= Assignment =
A single number is the answer: how many lines of the data hold "King"?

= Dataset excerpts =

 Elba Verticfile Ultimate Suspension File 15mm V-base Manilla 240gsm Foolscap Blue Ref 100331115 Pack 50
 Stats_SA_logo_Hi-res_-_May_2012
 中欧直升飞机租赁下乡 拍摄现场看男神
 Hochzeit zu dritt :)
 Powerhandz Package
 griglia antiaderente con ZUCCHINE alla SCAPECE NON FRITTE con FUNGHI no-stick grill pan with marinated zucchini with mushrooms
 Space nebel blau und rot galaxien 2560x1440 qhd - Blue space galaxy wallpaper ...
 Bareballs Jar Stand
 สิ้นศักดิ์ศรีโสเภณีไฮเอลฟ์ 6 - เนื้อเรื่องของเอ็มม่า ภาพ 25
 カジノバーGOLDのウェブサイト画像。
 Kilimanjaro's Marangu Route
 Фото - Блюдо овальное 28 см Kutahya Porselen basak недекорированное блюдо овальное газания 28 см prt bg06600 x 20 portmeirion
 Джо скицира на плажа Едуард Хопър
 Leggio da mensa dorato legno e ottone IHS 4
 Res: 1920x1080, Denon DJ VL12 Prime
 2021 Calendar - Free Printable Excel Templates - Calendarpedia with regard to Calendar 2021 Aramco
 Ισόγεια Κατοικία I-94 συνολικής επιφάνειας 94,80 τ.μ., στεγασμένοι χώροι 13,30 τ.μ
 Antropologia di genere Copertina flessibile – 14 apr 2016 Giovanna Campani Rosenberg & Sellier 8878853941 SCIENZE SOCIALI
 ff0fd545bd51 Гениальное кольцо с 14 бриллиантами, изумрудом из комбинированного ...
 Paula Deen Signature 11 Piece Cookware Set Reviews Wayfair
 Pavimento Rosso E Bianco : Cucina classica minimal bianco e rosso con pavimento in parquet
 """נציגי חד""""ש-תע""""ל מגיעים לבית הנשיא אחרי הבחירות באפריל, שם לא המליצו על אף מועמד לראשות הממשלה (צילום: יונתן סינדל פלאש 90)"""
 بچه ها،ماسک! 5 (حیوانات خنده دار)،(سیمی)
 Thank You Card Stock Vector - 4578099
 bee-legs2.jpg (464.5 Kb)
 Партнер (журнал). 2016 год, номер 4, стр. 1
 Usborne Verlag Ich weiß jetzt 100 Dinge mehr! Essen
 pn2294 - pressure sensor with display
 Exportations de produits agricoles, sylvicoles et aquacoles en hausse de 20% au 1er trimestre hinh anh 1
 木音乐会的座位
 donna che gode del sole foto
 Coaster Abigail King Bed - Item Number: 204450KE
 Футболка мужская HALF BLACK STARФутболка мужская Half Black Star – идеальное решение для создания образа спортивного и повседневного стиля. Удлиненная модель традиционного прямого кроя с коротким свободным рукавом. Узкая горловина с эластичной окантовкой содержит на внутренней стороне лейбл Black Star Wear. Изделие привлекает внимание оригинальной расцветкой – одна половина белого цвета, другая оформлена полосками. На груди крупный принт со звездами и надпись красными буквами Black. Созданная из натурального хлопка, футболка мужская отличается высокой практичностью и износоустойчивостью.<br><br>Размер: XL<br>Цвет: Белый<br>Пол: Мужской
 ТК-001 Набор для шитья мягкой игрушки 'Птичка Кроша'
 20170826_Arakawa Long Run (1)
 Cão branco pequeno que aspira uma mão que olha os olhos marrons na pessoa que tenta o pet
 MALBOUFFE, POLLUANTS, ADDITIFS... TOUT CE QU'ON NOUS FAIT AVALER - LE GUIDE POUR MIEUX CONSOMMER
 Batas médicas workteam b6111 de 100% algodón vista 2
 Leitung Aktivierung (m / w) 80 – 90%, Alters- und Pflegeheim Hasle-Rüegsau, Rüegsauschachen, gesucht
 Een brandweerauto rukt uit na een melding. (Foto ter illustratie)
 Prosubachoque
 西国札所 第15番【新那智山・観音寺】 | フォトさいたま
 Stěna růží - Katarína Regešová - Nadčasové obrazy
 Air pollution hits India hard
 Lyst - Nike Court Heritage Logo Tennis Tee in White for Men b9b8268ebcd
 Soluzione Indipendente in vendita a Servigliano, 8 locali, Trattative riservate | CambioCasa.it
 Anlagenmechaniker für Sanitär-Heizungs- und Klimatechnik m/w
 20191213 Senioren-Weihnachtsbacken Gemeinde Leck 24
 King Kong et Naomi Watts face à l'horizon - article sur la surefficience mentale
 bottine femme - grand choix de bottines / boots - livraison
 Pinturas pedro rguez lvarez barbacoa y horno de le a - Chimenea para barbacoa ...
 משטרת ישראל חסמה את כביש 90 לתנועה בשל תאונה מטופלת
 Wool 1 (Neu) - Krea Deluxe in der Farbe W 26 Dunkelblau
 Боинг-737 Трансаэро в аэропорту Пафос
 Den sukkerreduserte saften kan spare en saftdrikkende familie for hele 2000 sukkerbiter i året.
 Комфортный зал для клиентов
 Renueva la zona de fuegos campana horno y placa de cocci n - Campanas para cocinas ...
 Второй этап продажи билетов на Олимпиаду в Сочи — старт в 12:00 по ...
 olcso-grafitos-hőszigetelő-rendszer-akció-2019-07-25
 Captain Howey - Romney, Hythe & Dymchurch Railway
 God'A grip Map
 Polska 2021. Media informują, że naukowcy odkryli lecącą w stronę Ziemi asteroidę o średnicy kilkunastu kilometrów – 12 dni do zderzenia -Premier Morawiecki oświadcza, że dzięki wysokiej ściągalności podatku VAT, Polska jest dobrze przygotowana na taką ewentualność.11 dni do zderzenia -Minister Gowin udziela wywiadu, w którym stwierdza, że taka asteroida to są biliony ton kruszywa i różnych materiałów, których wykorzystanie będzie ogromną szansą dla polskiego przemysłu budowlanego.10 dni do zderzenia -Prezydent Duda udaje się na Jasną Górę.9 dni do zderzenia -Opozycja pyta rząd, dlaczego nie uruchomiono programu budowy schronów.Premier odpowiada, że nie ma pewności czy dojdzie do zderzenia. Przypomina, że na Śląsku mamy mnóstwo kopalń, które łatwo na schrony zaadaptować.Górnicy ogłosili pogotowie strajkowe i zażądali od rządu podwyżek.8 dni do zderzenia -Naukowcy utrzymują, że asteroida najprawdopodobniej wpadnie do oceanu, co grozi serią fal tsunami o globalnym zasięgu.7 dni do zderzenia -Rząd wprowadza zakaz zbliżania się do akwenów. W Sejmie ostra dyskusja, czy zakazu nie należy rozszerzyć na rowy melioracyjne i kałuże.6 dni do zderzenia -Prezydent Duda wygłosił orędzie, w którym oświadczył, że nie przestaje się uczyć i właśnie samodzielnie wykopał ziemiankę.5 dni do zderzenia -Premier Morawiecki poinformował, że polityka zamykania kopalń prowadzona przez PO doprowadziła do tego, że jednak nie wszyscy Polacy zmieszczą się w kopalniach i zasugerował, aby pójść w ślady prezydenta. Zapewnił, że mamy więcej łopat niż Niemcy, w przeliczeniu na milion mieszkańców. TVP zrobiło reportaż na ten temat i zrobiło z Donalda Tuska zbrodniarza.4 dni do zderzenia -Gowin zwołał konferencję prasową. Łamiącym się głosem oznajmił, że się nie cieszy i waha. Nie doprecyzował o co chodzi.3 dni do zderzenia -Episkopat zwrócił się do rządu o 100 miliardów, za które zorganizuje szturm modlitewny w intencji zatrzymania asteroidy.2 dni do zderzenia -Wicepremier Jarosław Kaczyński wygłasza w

= The completed task =
2